85S (HgS6atomic%, MnS9atomic%
c%, ZnS85atomic%), Hg0.1Mn0
．． 06Zn0.84S (HgS10atomic%, M
nS6atomic%, ZnS84atomic%),
Hg0.25Mn0.06Zn0.69S (HgS25
atomic%, MnS6atomic%, ZnS69
atomic%), Hg0.3Mn0.09Zn0.6
1S (HgS30atomic%, MnS9atomic%
c%, ZnS61atomic%), Hg0.3Mn0
．． 13Zn0.57S (HgS30atomic%, M
nS13atomic%, ZnS57atomic%)
The Faraday effect material according to claim 1, having a composition within the range (including the boundary line) surrounded by . 3. A magnetic sensor that detects a magnetic field based on the rotation angle of a polarization plane of light passing through a Faraday rotator, wherein the Faraday rotator is made of HgS-MnS-Z.

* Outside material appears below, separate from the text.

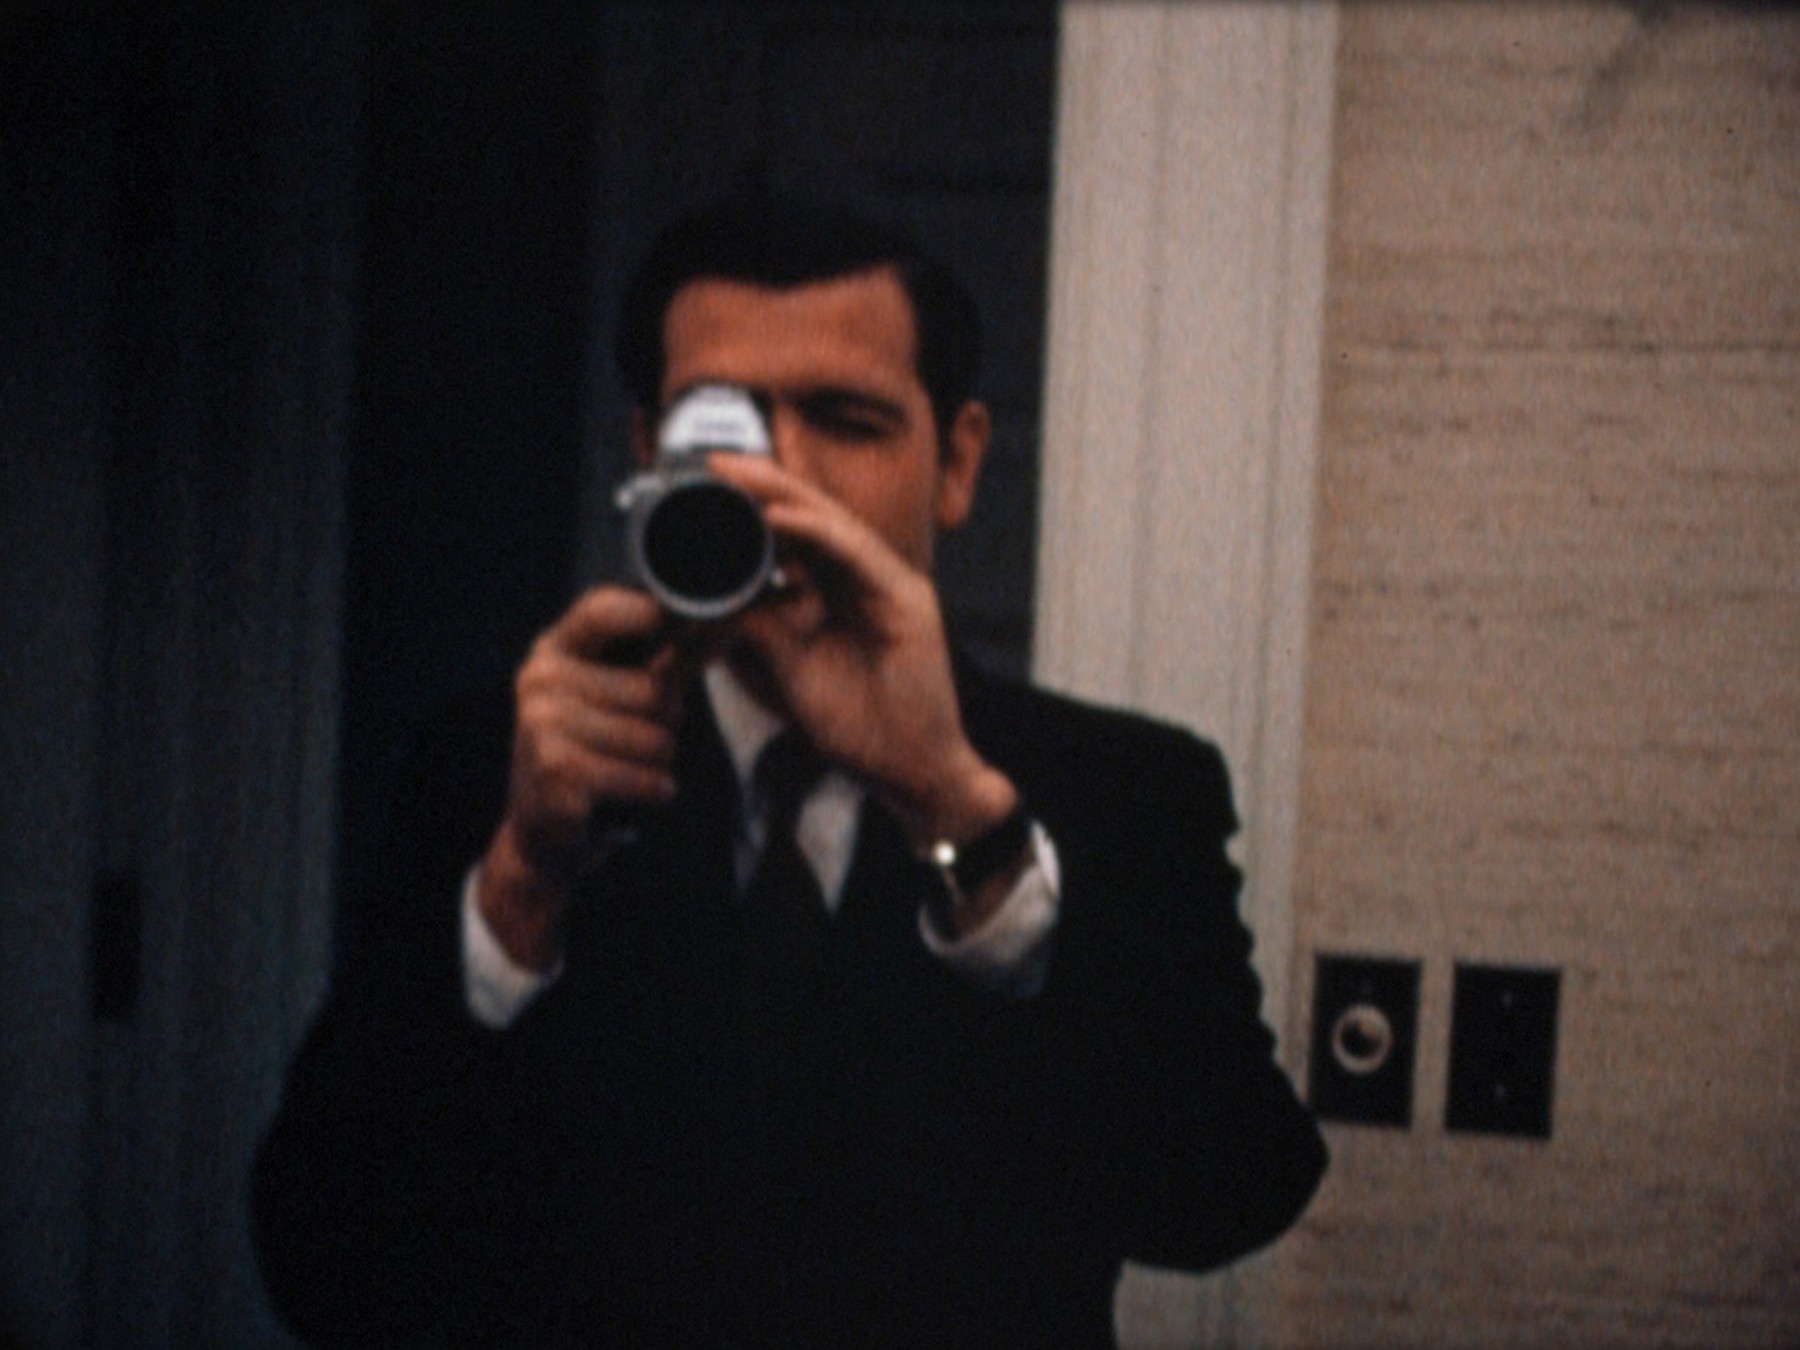 Special Assistant Dwight Chapin films Haldeman filming him at the White House on the night of the Apollo 11 moon landing (July 20, 1969)
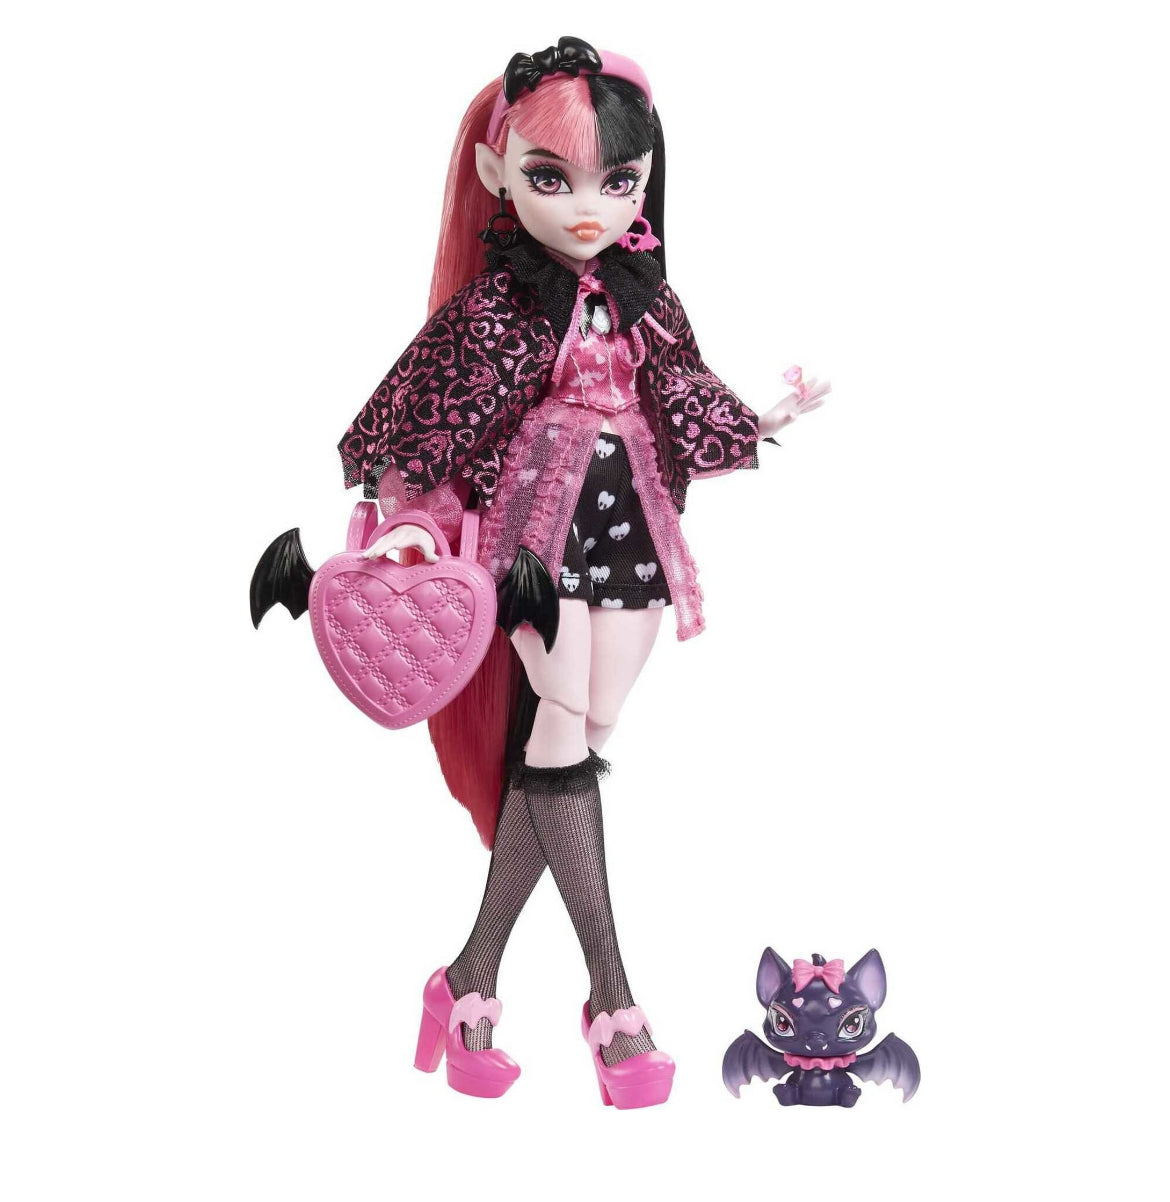 Monster High Draculaura Fashion Doll with Pink & Black Hair, Accessories & Pet Bat

A magnetic field sensor characterized by being formed mainly of an nS-based alloy. 4. As shown in the ternary phase diagram of FIG. 1, the HgS-MnS-ZnS alloy contains Hg0.06M
n0.13Zn0.81S (HgS6atomic%,
MnS13 atomic%, ZnS81 atomic%
), Hg0.06Mn0.09Zn0.85S (HgS
6atomic%, MnS9atomic%, ZnS8
5atomic%), Hg0.1Mn0.06Zn0.
84S (HgS10atomic%, MnS6atom
ic%, ZnS84atomic%), Hg0.25M
n0.06Zn0.69S (HgS25atomic%
, MnS6atomic%, ZnS69atomic%
), Hg0.3Mn0.09Zn0.61S (HgS3
0atomic%, MnS9atomic%, ZnS6
1atomic%), Hg0.3Mn0.13Zn0.
57S (HgS30atomic%, MnS13ato
5. The magnetic field sensor according to claim 3, wherein the magnetic field sensor has a composition within a range (including the boundary line) surrounded by (including the boundary line).